The FTB is sending the following notices for all new corporations and LLCs that did not file a return, even if they organized/registered in the last 15 days of the year:

  • Form FTB 5834, Request for Past Due Corporation Tax Return; and
  • Form FTB 5958, Request for Past Due LLC Return of Income.

Entities are given 30 days to respond to these notices. If a timely response is not received and processed, the FTB will then send Form FTB 4960, Demand to File. Unfortunately, due to recent mail processing delays, the FTB is sending the Forms 4960 to taxpayers that timely responded to the requests for returns, but whose response is still being “processed.”

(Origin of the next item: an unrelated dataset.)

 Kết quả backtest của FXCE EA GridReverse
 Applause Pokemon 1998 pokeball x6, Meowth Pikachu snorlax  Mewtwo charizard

In an effort to mitigate the impacts of the mail processing delays, the FTB has stated they will delay mailing any Forms 5834 and 5958 for the next 60 days.

 

What does “doing business” mean?

It’s also unclear what constitutes “doing business” during these fifteen days. The FTB simply stated that it is a “fact-intensive inquiry, requiring the consideration of the totality of the circumstances.” Does opening a bank account or registering a website domain constitute doing business?

At this point, we recommend that our clients who form during the last 15 days of the year wait until the beginning of the following year to begin any business operations. In that way you will be able to maximize the benefits of both the 15-day rule and the first-year-free rule.